### [Data extract]

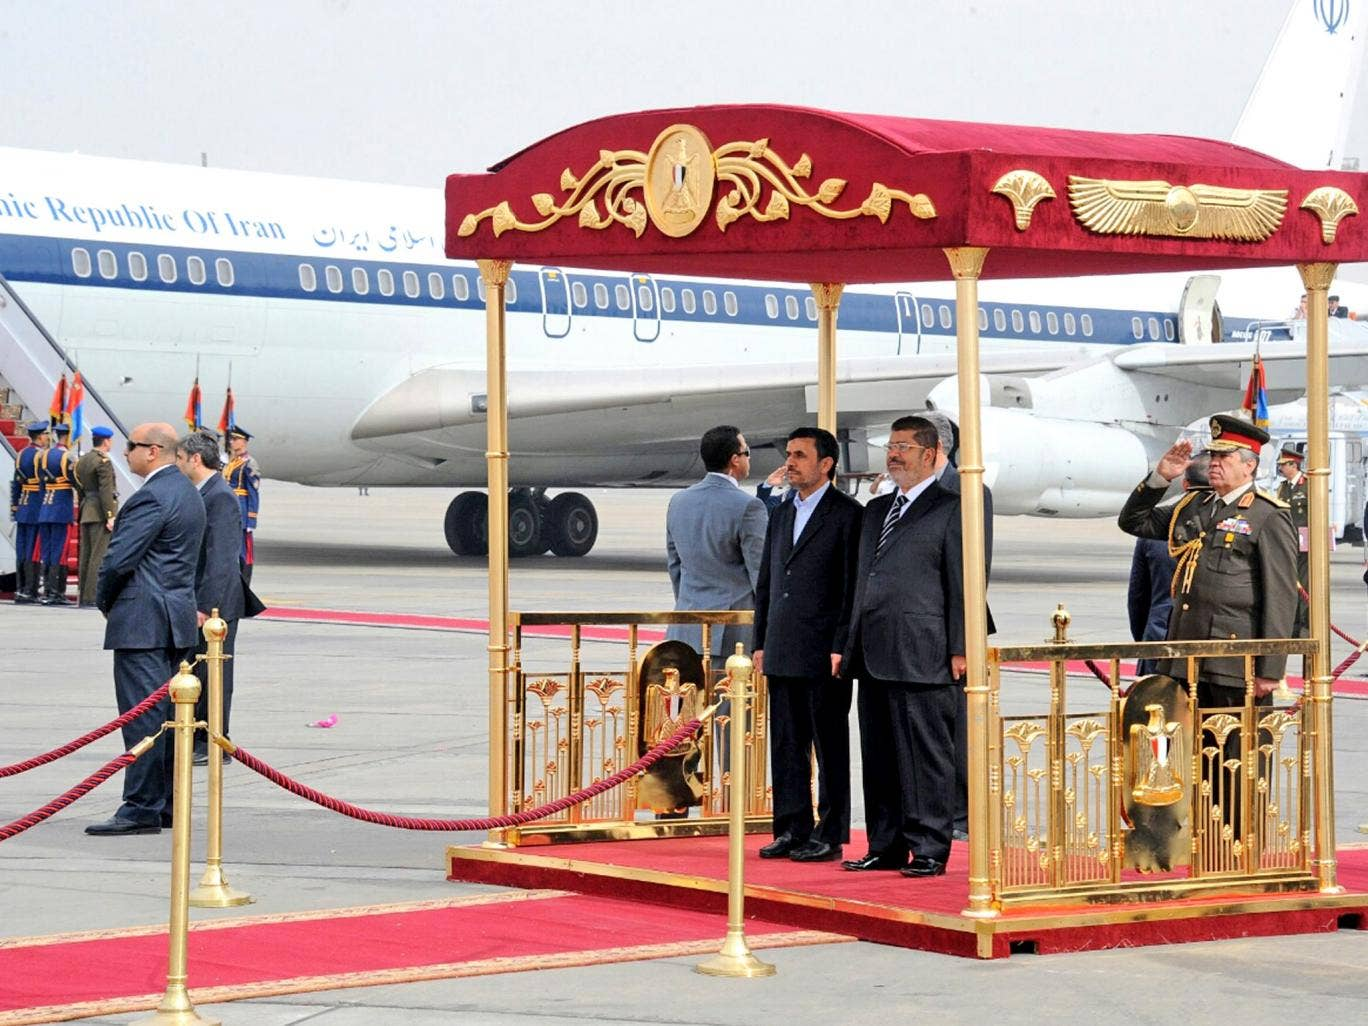 President Ahmadinejad, centre, with President Morsi
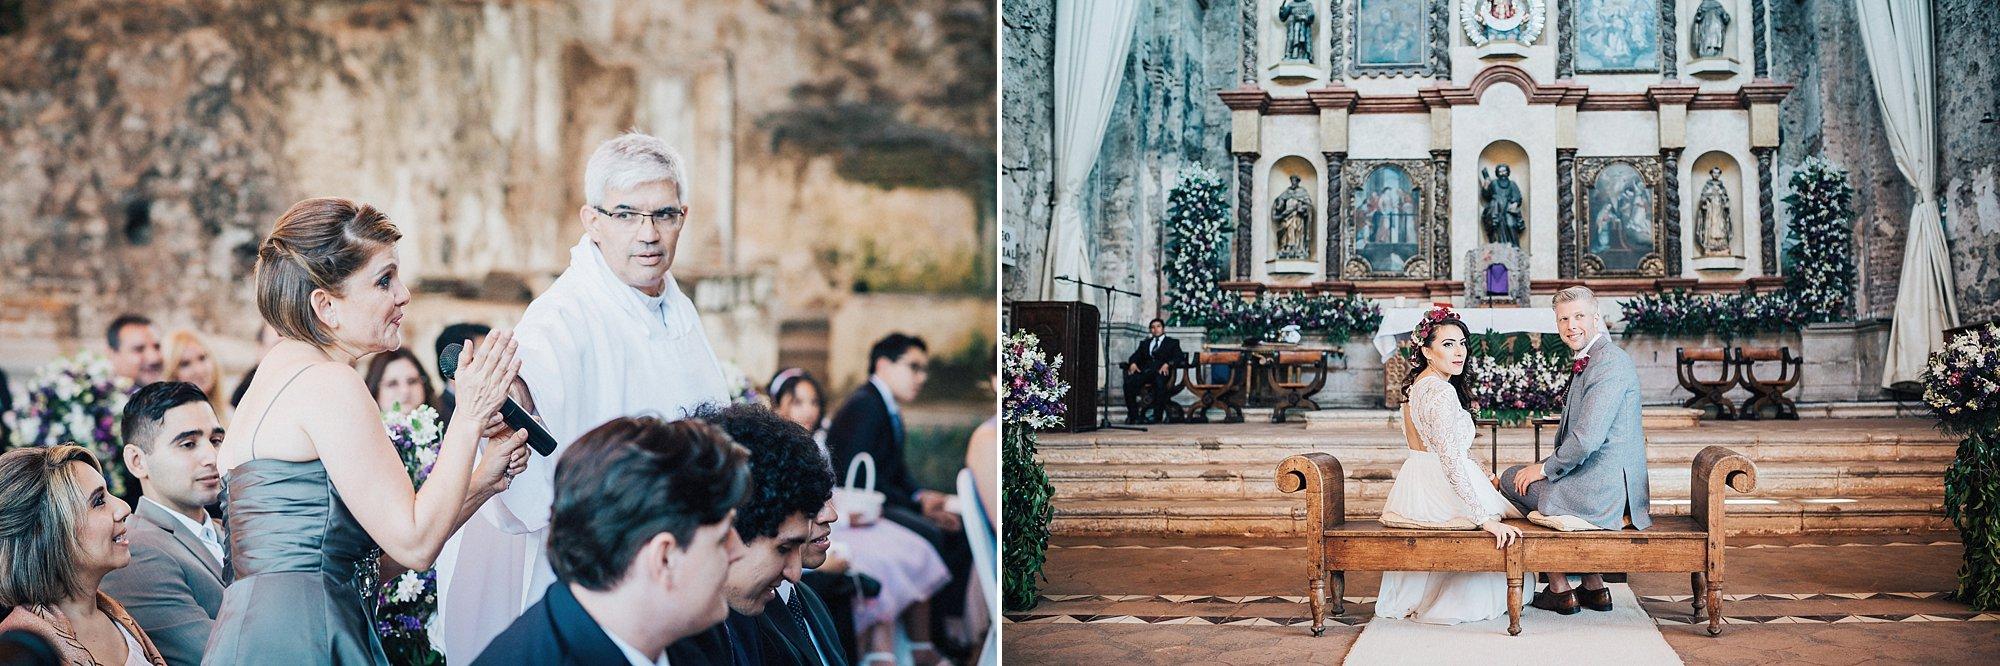 alex-yazmin-wedding-photographer-antigua-guatemala-076
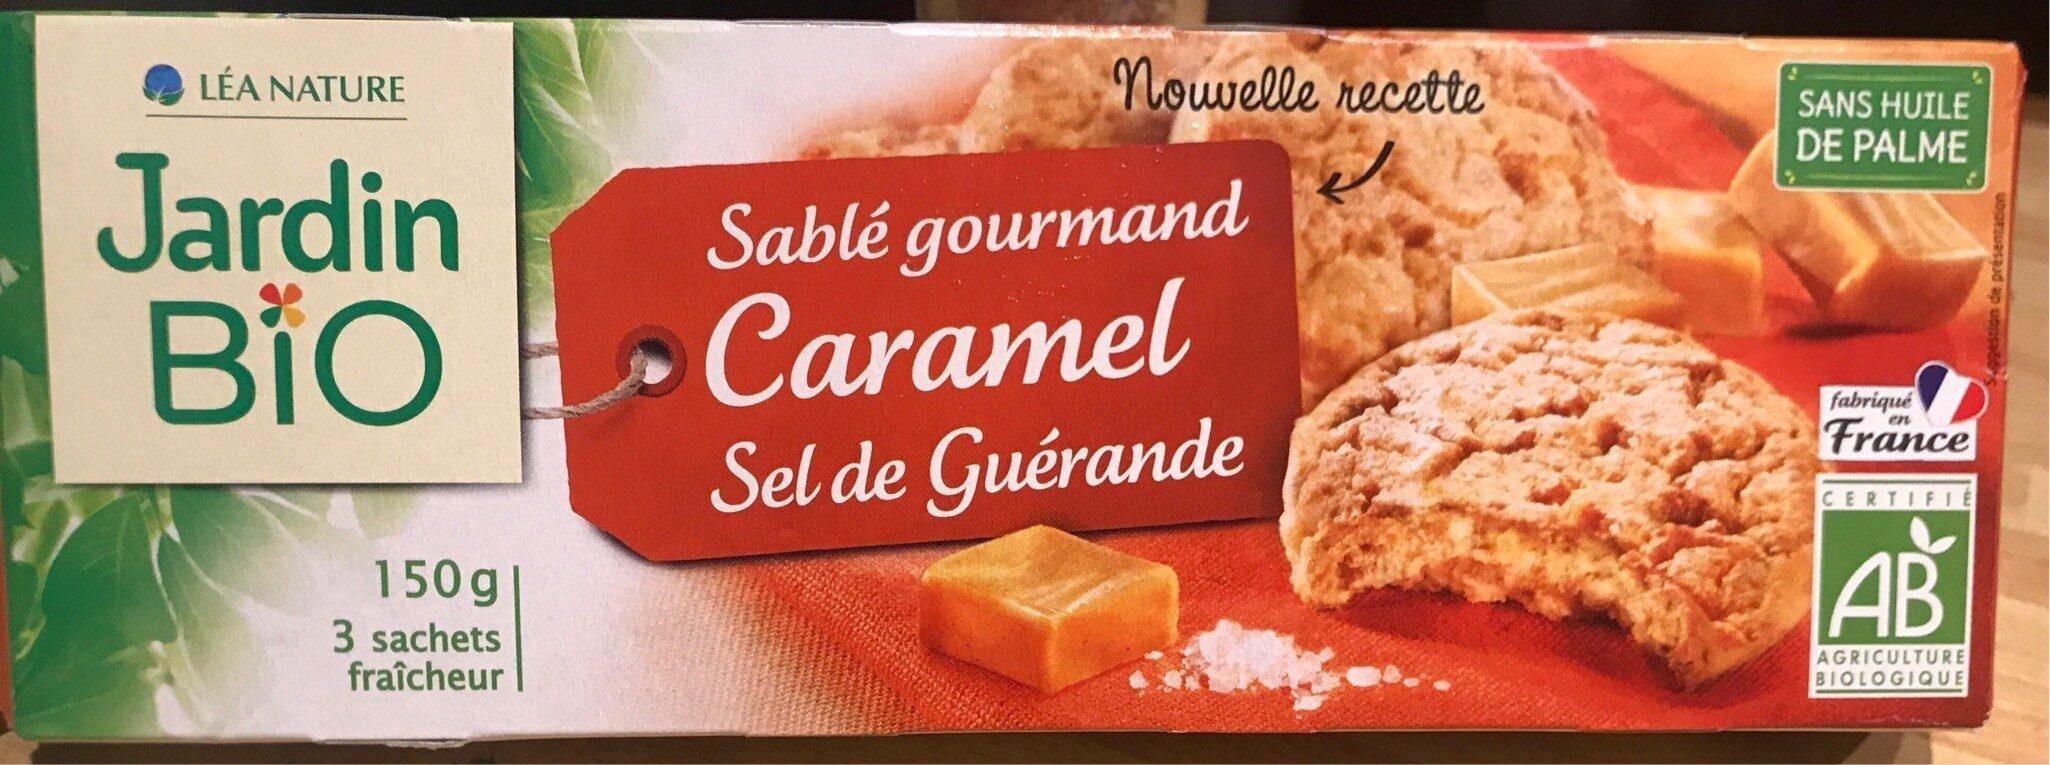 Sablé gourmand caramel sel de Guérande - Product

### [Description of the task]
Write out again every line above exactly as given; the pictures do not belong in the copy.

### [Answer for this exercise]
 President Ahmadinejad, centre, with President Morsi
 alex-yazmin-wedding-photographer-antigua-guatemala-076
 Sablé gourmand caramel sel de Guérande - Product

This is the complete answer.